> YOUR INSTRUCTIONS:
When you reach a picture, skip it, and retype every line below exactly.

> DATA SECTION:
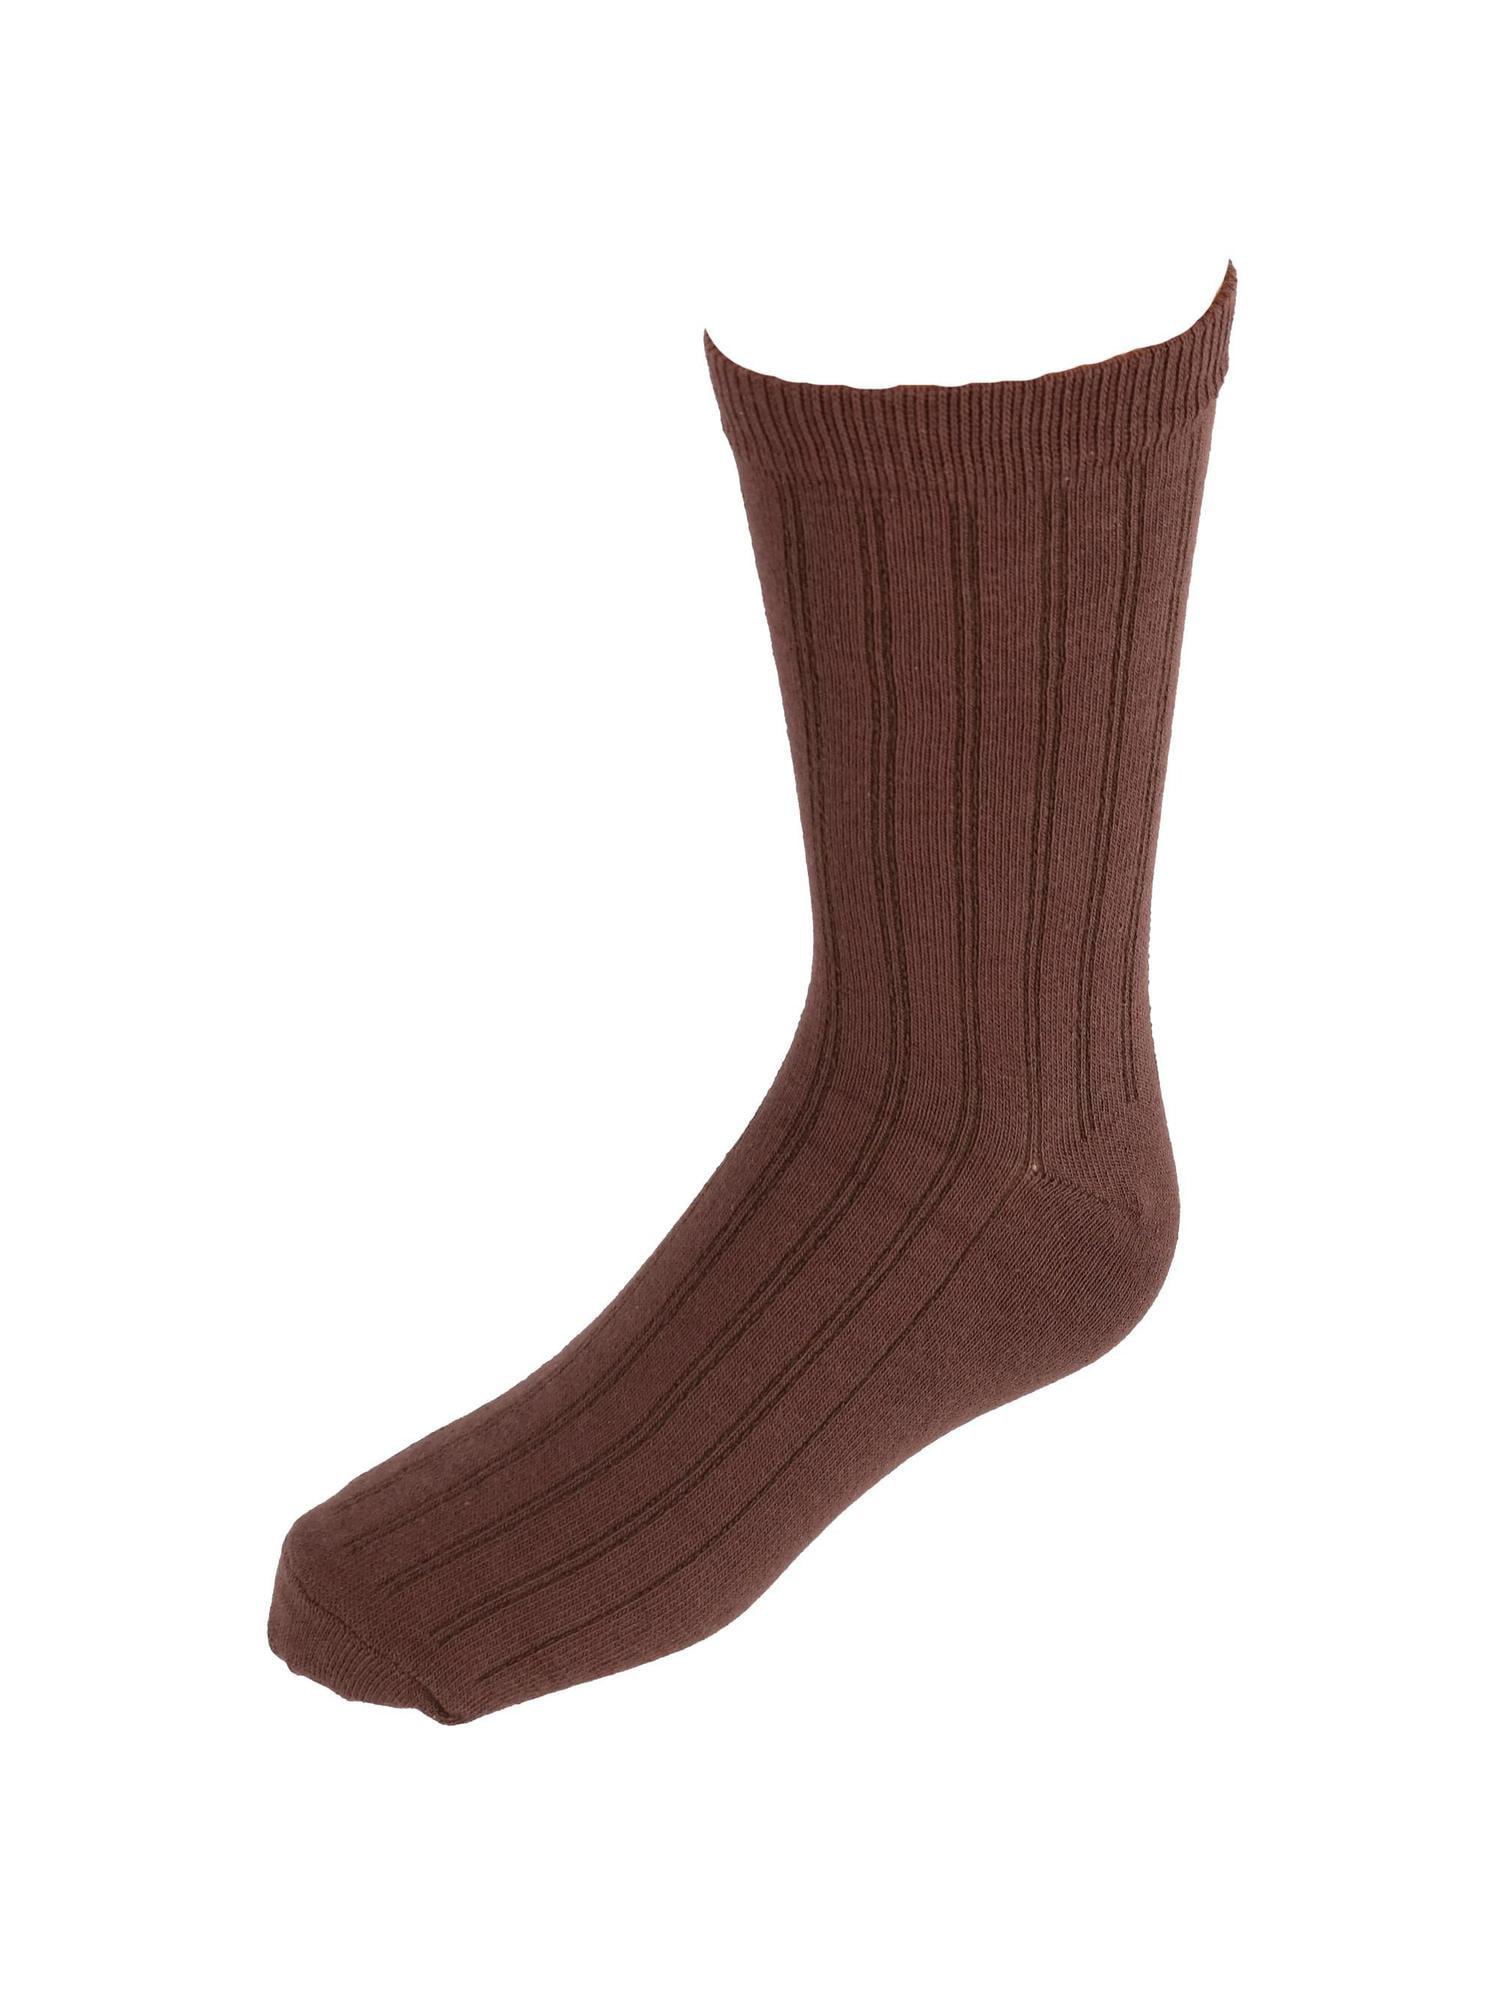 Kids' Cotton Ribbed Uniform Crew Socks
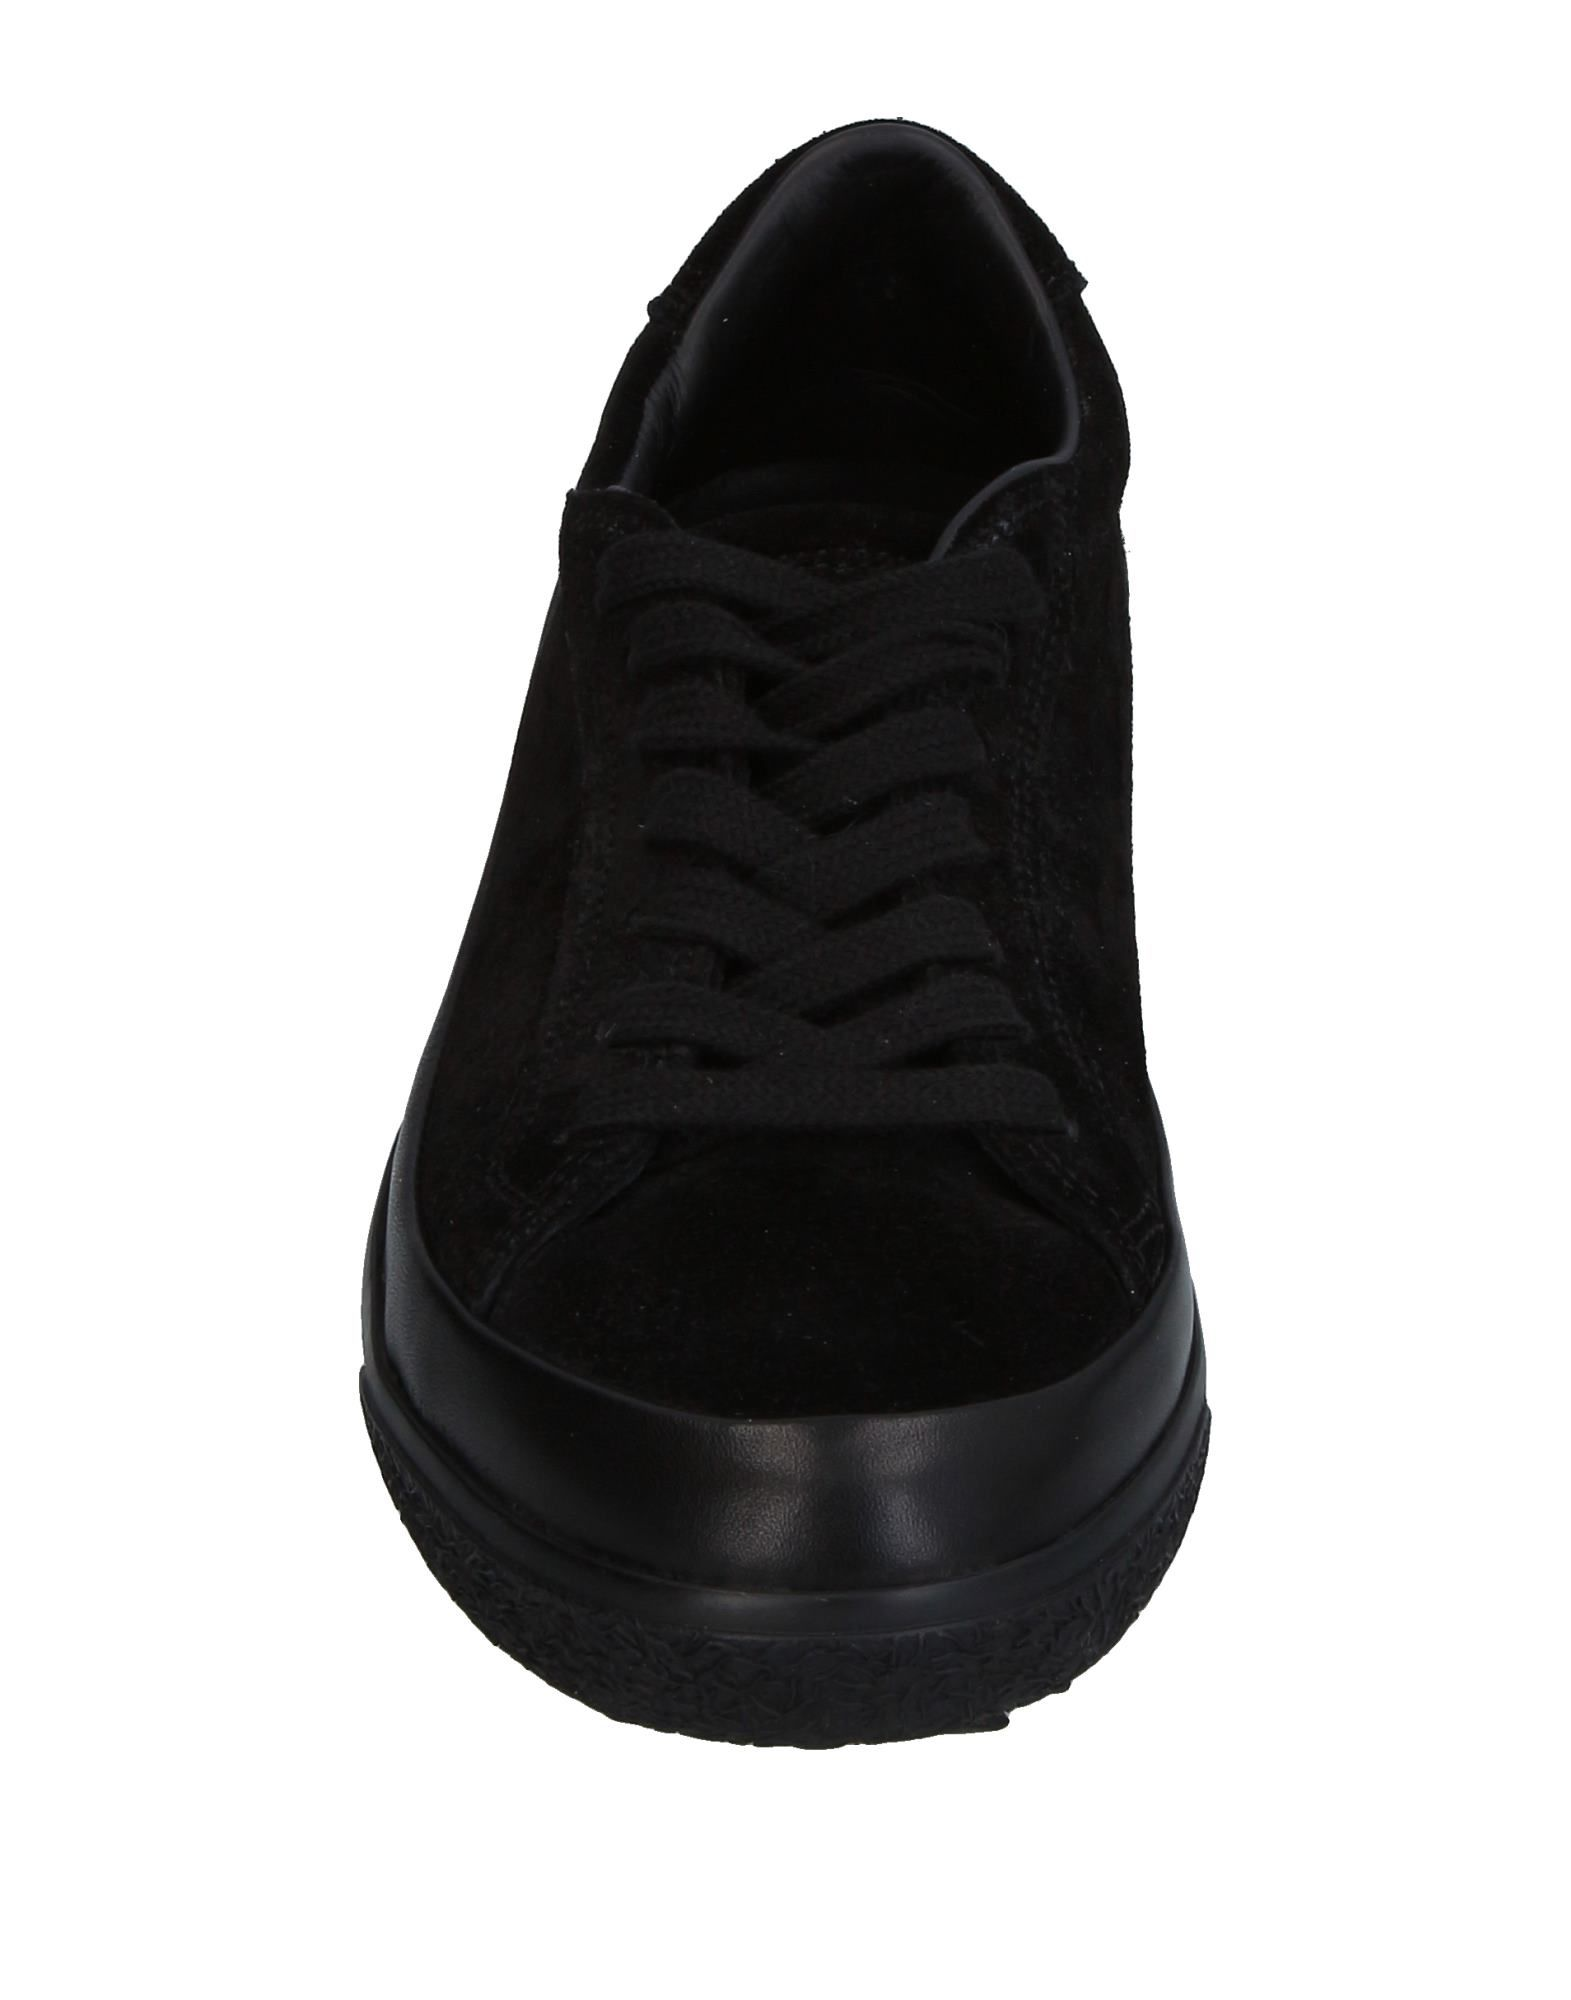 Stilvolle D'oro billige Schuhe Pantofola D'oro Stilvolle Sneakers Damen  11378594NH 4b54ca
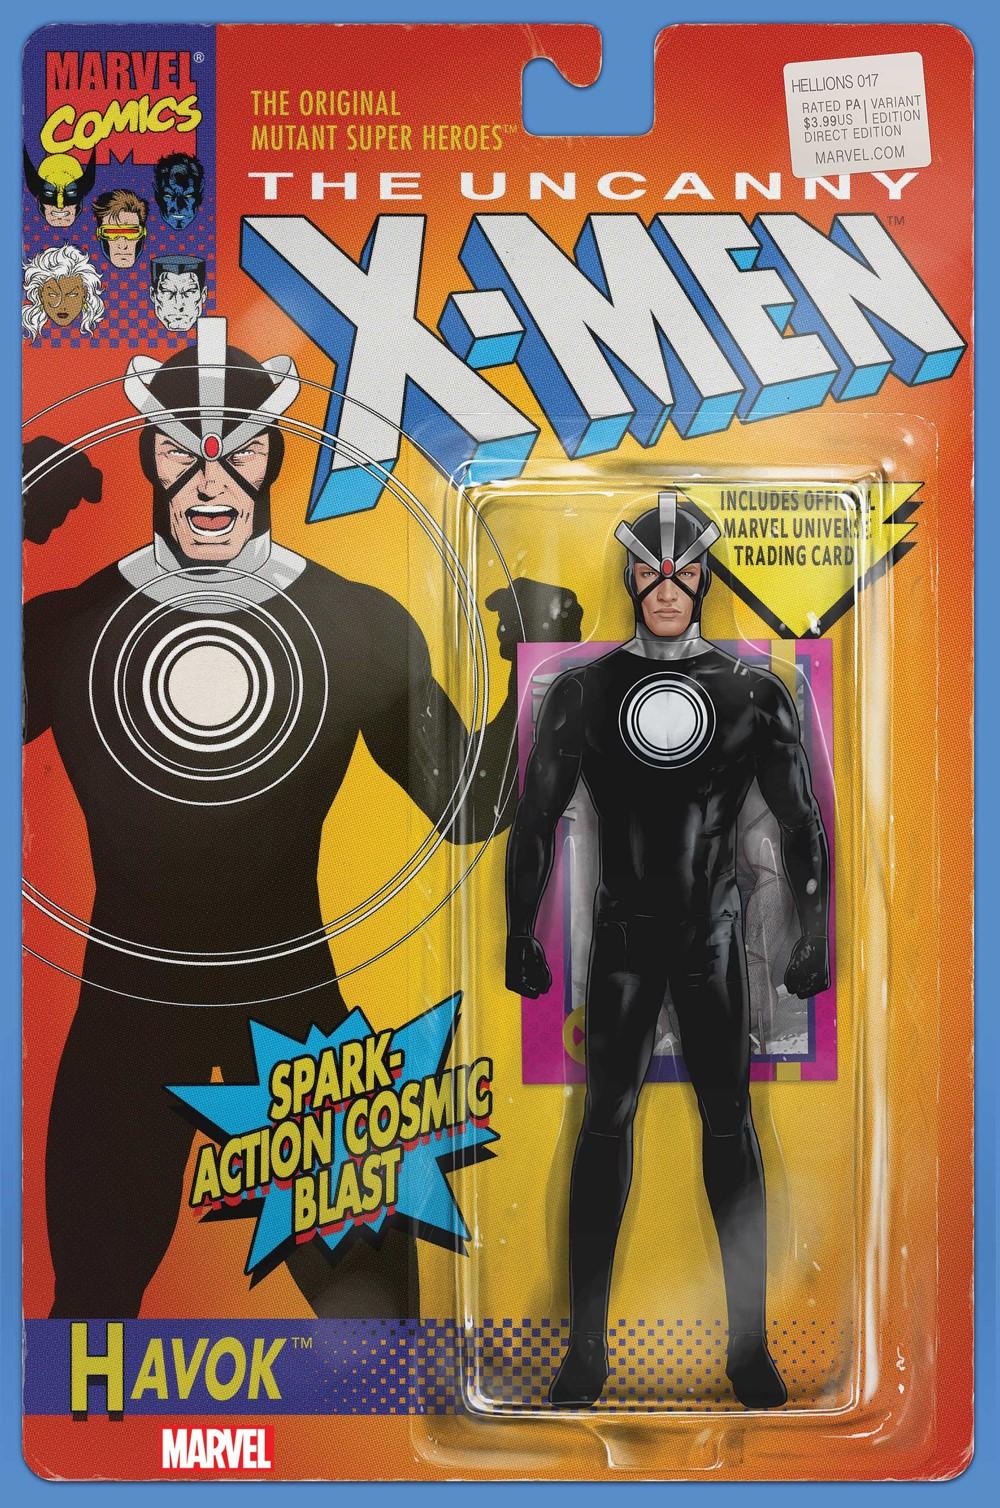 HELLIONS2020017_JTC-action-figure Marvel Comics November 2021 Solicitations

> WRITTEN SOLUTION:
 Kids' Cotton Ribbed Uniform Crew Socks
 Stilvolle D'oro billige Schuhe Pantofola D'oro Stilvolle Sneakers Damen  11378594NH 4b54ca
 HELLIONS2020017_JTC-action-figure Marvel Comics November 2021 Solicitations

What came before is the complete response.